> [EXERCISE PROMPT] Below are records with pictures. Transcribe exactly, and only, the lines from the line with "gucci 50mm square sunglasses" to the line with "Una mujer con", both ends included, but not the pictures.

> [MATERIAL FOR THIS TASK]
************

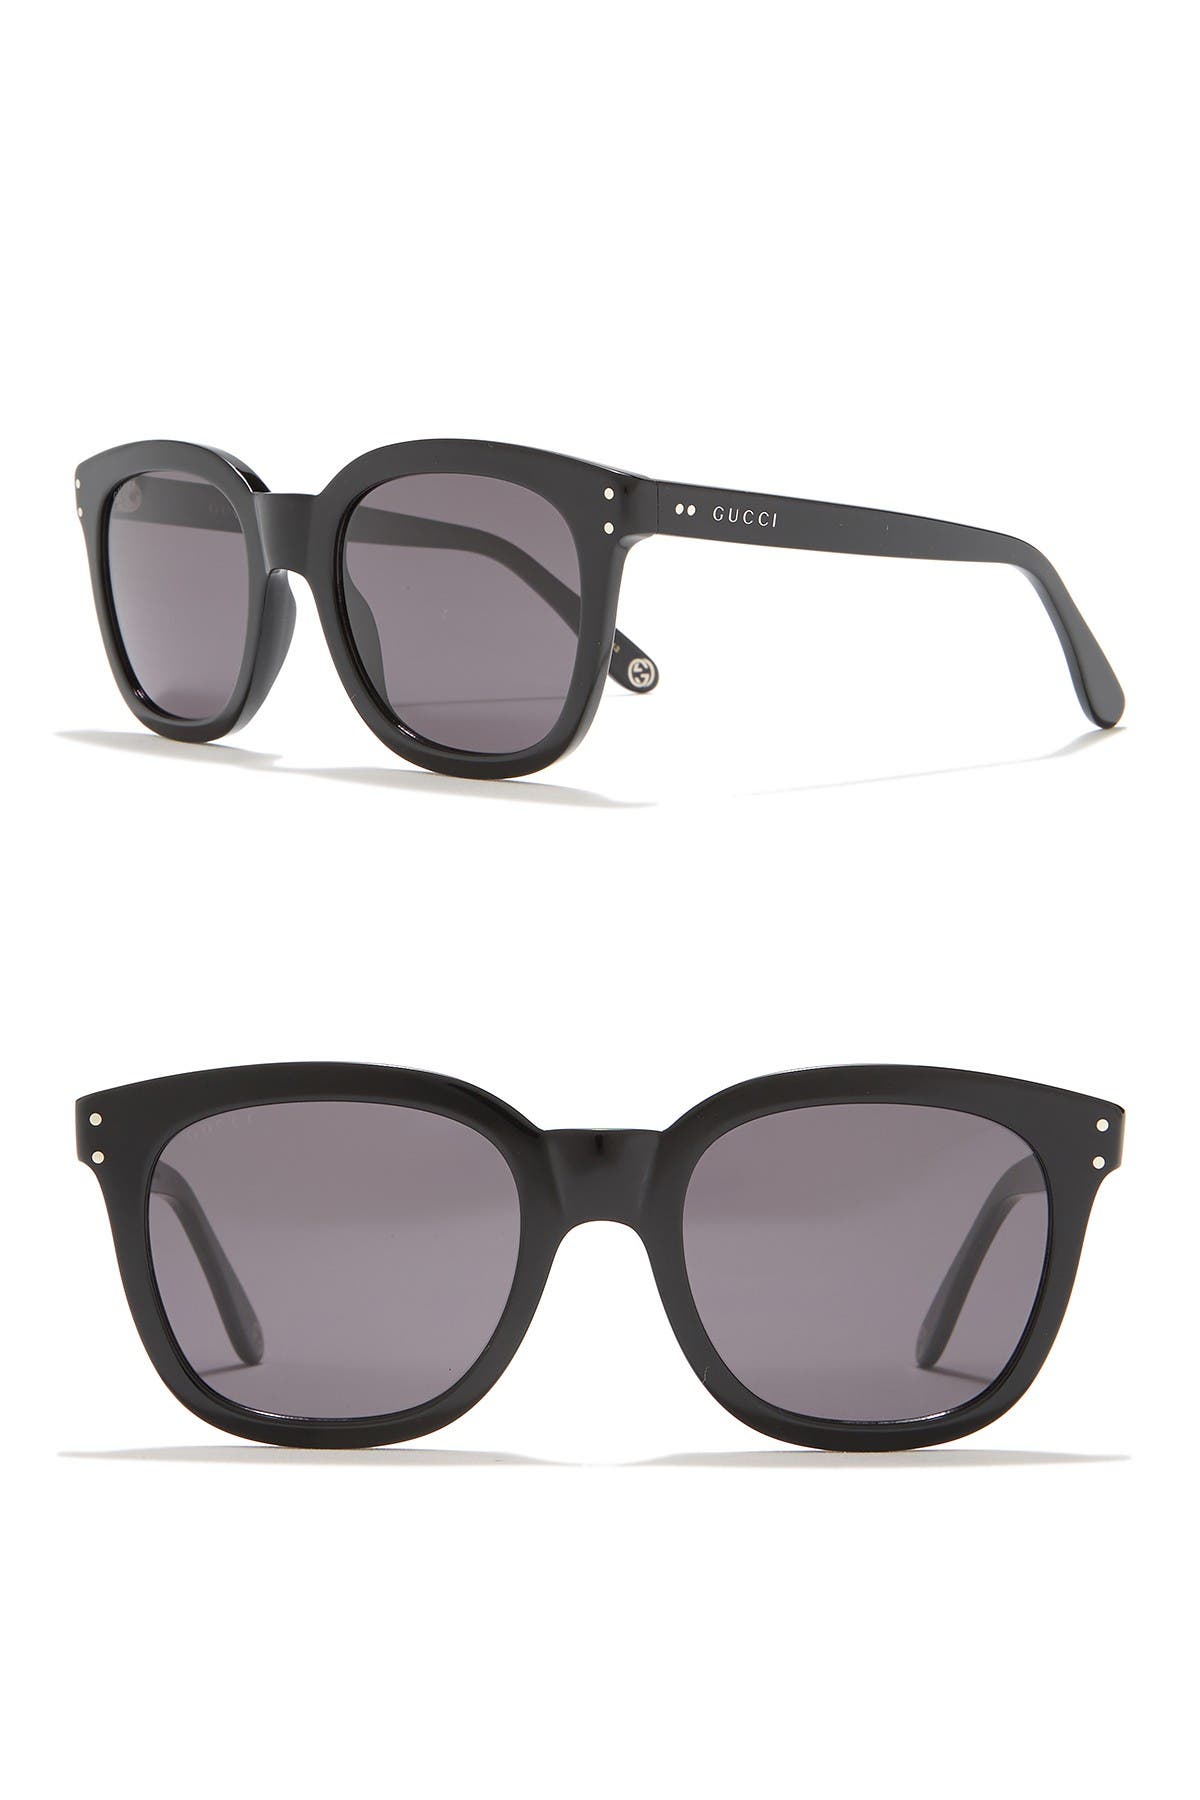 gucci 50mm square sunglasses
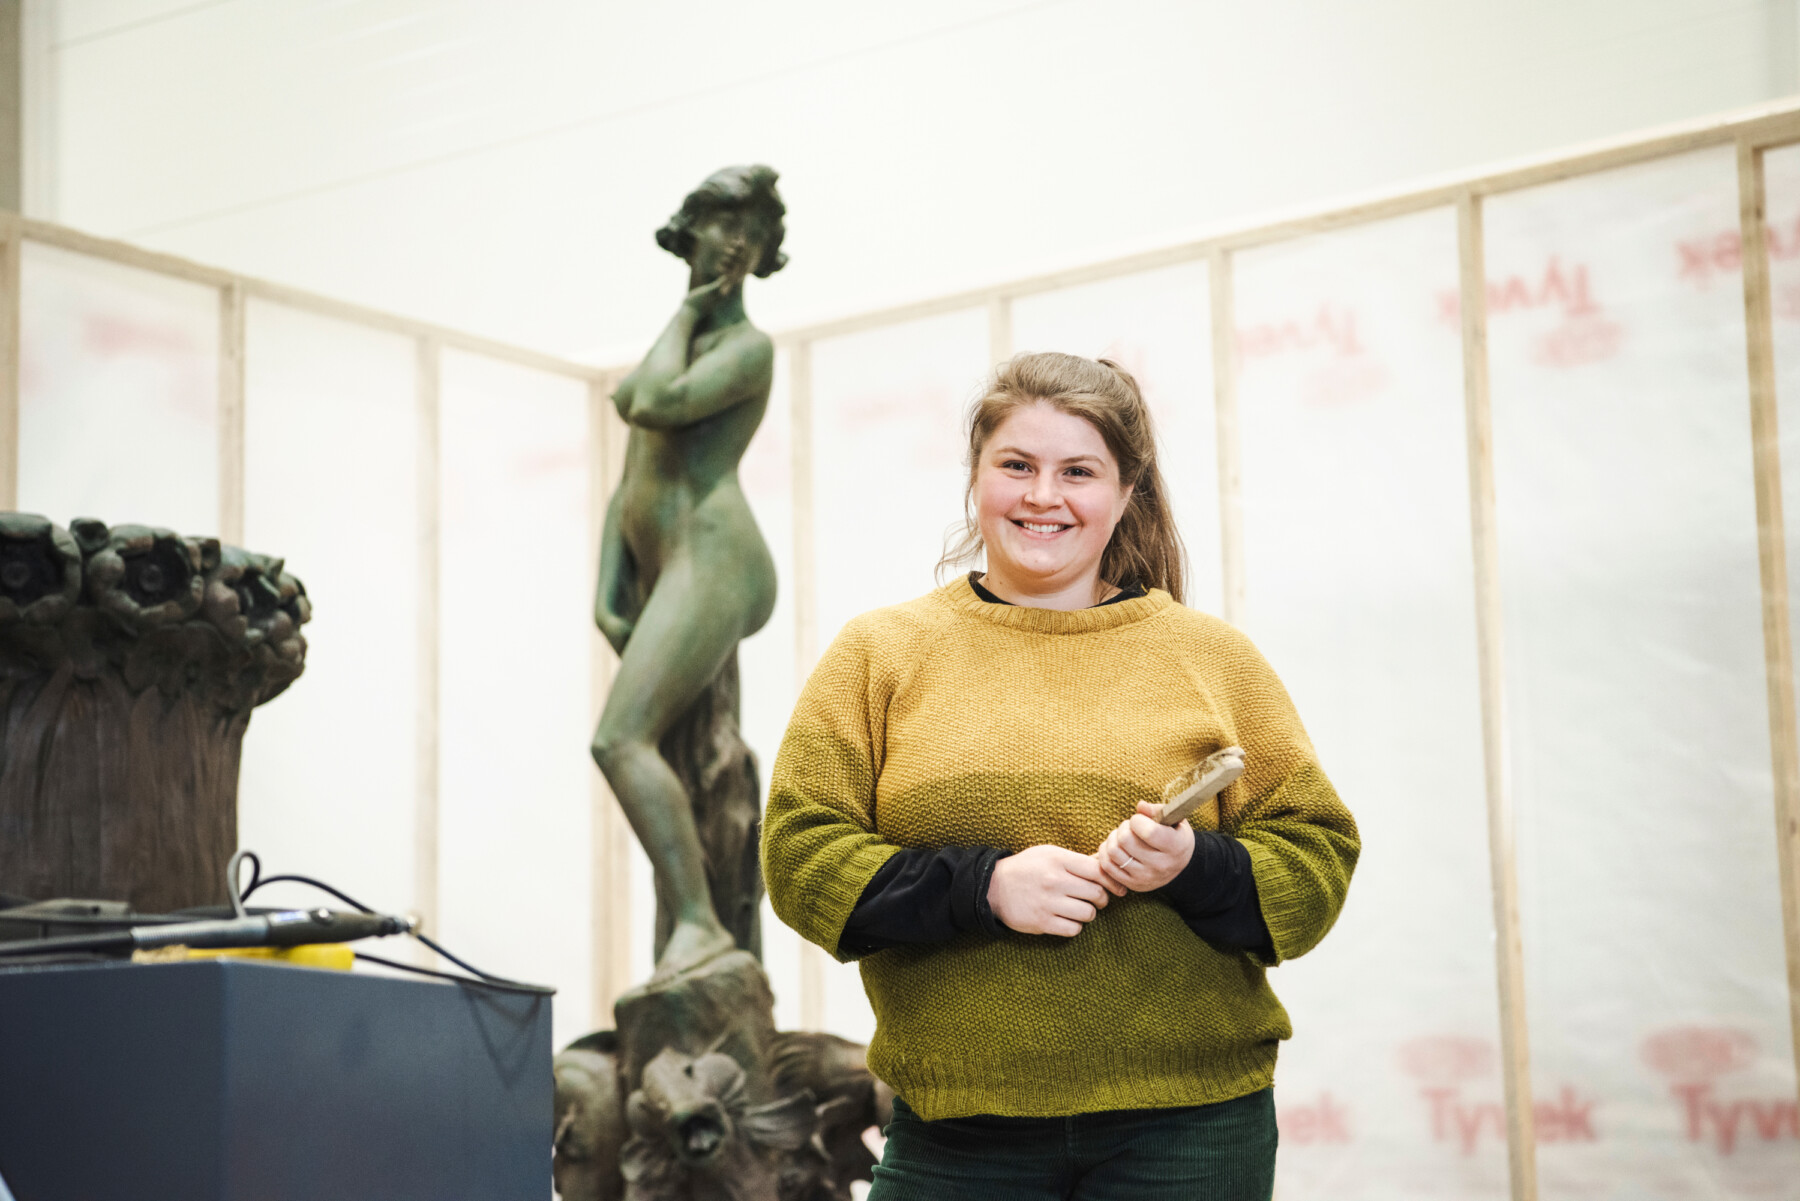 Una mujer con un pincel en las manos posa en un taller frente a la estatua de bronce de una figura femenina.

************

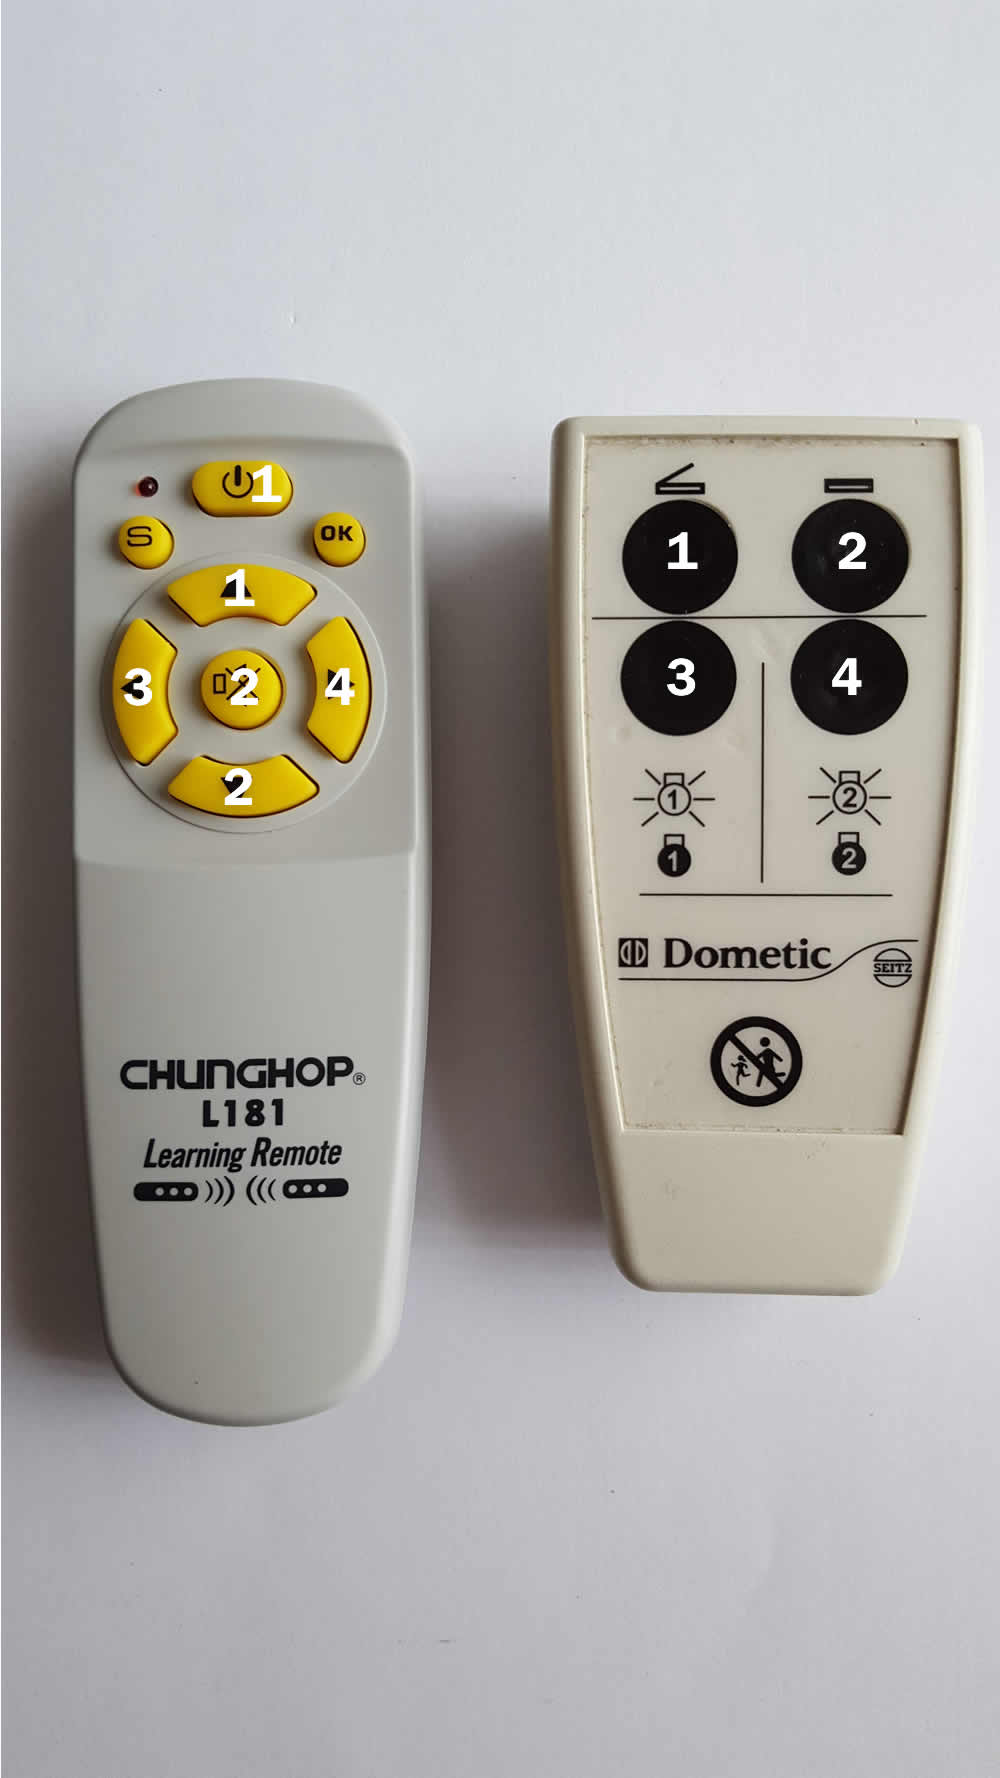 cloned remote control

************

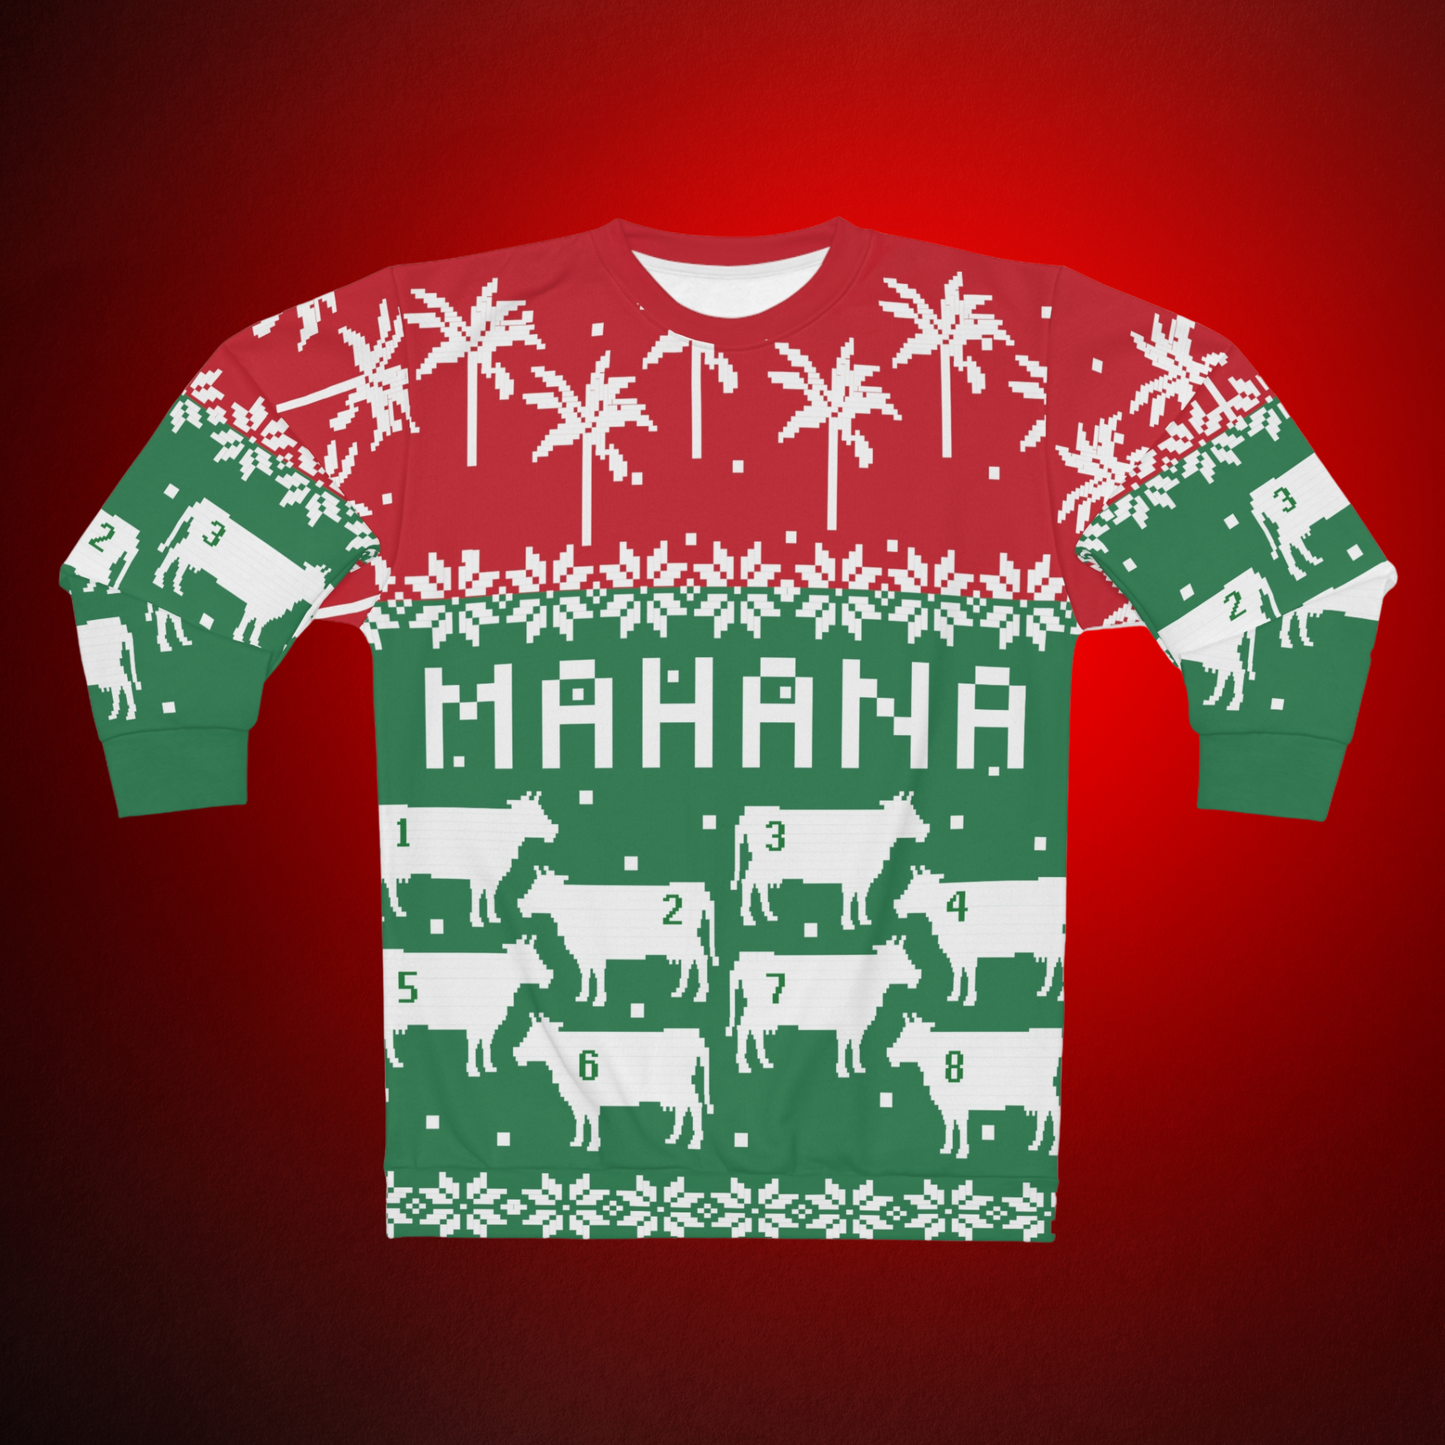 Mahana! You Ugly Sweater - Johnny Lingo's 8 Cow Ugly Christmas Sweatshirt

************

> [EXPECTED ANSWER]
 gucci 50mm square sunglasses
 Una mujer con un pincel en las manos posa en un taller frente a la estatua de bronce de una figura femenina.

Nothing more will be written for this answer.